In a study released Oct. 31, the ratings agency Moody’s said that based on its analysis of mortgage-backed bond portfolios, homeowners with jumbos now constitute “greater strategic default risk” than any other type of borrowers, including subprime. That’s because an exceptionally high number of jumbo owners — many in high-cost markets hit by real estate deflation over the past several years — are stuck with persistent negative equity. More than half of the jumbos analyzed by Moody’s where owners are still making payments have home market values lower than their outstanding loan balances.
Jumbo loans are those that exceed the conventional limits of Fannie Mae and Freddie Mac. Nationally, that ceiling is $417,000, but in high-cost areas such as Washington, conventional limits ranged as high as $729,750 until this year. The maximum in those high-cost areas is now $625,500.
Meanwhile, FICO (formerly knows as Fair Isaac Corp.), developer of the ubiquitous FICO credit score, says strategic defaults — in which owners who can afford to keep paying their loans but see no economic rationale for doing so and stop making payments — continue to be a “growing problem.” The estimated number of mortgages underwater is at least 12 million, and 30 percent of all defaults on loans are strategic, according to Joanne M. Gaskin, FICO’s predictive analytics director.
FICO recently created a type of score designed solely to spot potential strategic defaulters before they hand back the house keys. At least four of the 10 largest lenders and servicers are already using it, contacting high-risk borrowers and offering financial solutions plus information about the costs associated with strategic walkaways. The company claims its score can spot the riskiest homeowners, some of whom show characteristics that make them as much as 110 times as likely to walk away as the least-risky borrowers.

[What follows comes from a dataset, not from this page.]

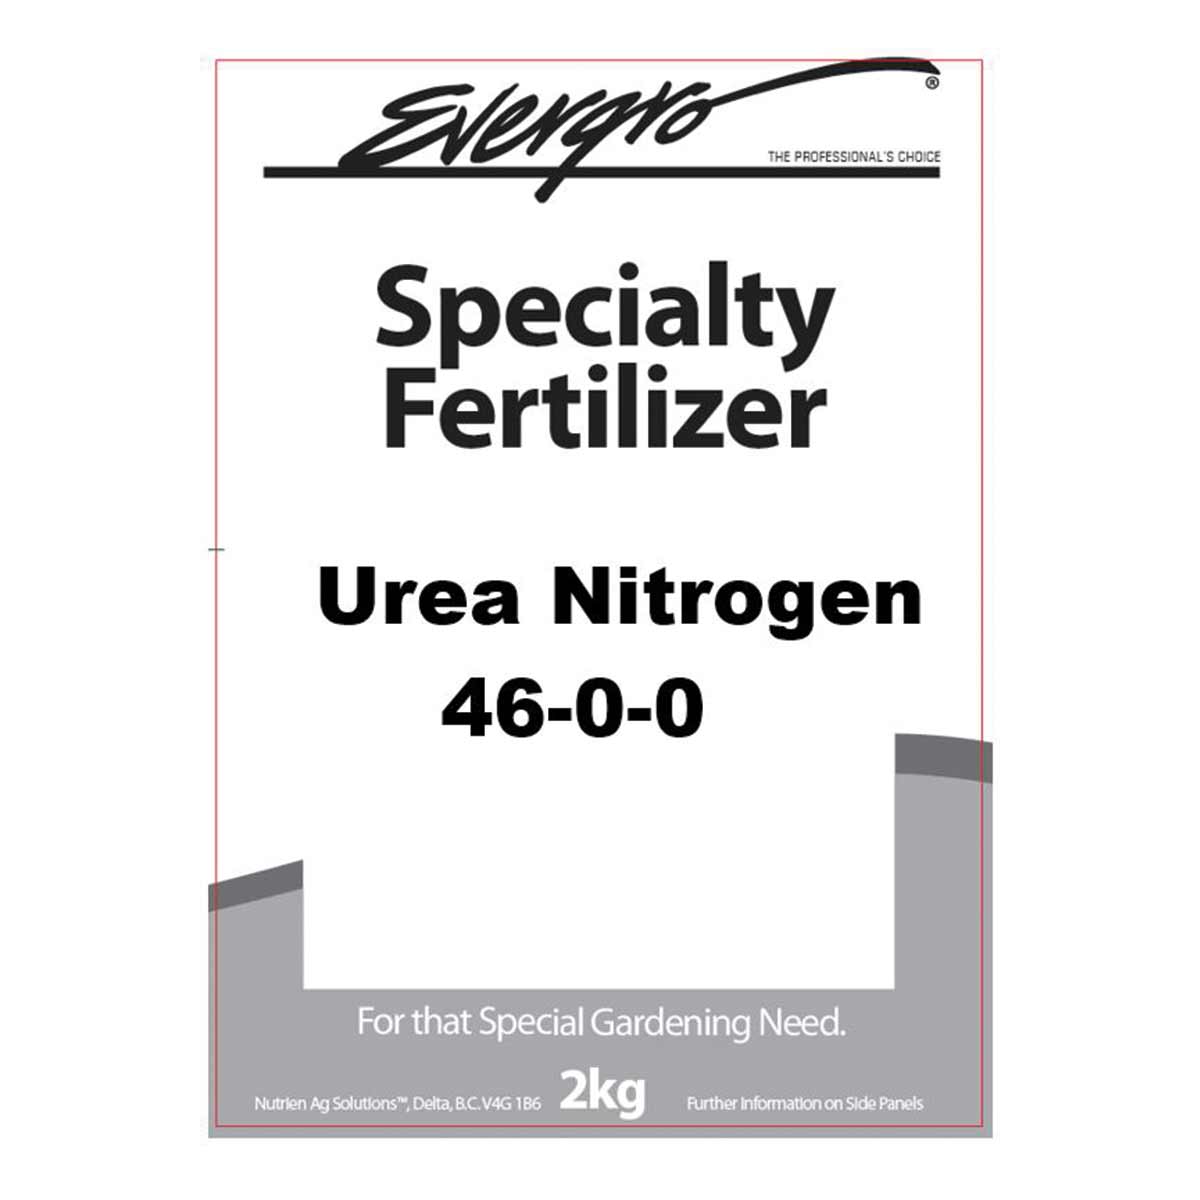 Evergro Urea Nitrogen (46-0-0) - 2kg
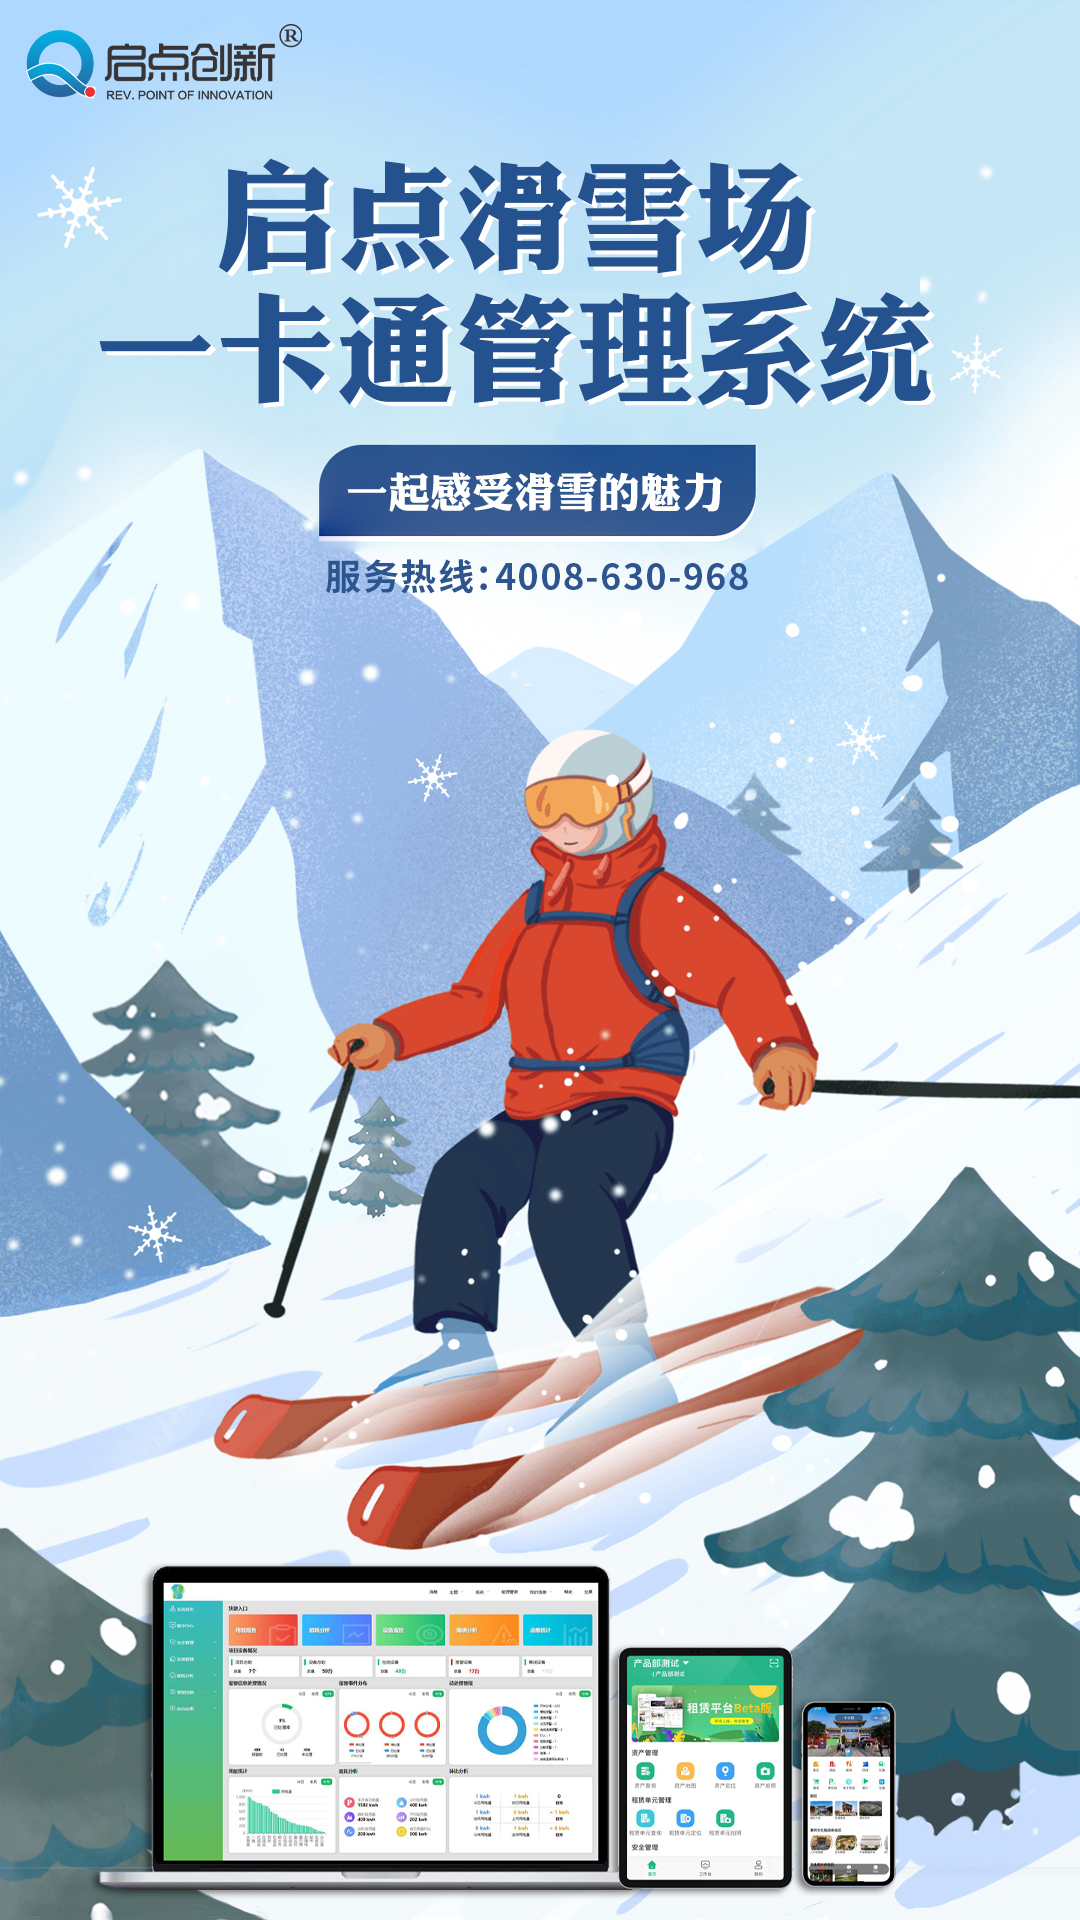 博讯通定制开发滑雪场一卡通系统 景区SaaS电子票务系统

Although FICO has not disclosed the specific risk combinations in the mathematical models supporting its proprietary score, the company confirms that among them are good credit scores and payment performance on debts; low balances of outstanding revolving credit; and a relatively short period of ownership of their current homes.
In an interview, Gaskin lifted the lid on the FICO black box a smidgen more. Using a wide variety of data — including property values and historical valuation trends along with standard FICO scores and other information in credit bureau files — the strategic default score essentially tries to get inside homeowners’ heads to predict their behavior.
“We’re trying to understand [the situation] from the consumer’s perspective,” she said. “How much have I lost on the value of my home? What is the velocity of change?” That is, how fast have I lost market value, and is my situation getting worse? And how long will it take to recapture what I’ve lost?
When the answers are grim and the prospects for equity recovery distant, the probability that the owners will plot a strategic departure — often characterized by halting mortgage payments while staying current on credit cards and car payments — goes up sharply.
“Most consumers have a pretty good idea of what the market is doing” in their local neighborhoods,” Gaskin said.
What they often don’t know, however, are the penalties they face for walking away. These include triple-digit drops in their credit scores — which will hamper their ability to rent a house or obtain credit for years — plus the possibility that lenders will find a way to seek recovery of whatever they owe after foreclosure proceedings. About a dozen states, including California, restrict “deficiency” recoveries. But in most states, lenders are free to pursue whatever assets they can locate, and often do so if the amount of unrecovered debt is large enough to justify the legal expenses.
Ultimately, strategic default for many owners boils down to a calculation: Are the costs, financial and otherwise, worth the relief from an albatross house and mortgage? If the Moody’s study is accurate, thousands of jumbo borrowers are struggling with that very calculation right now, and a lot of them are likely to bail.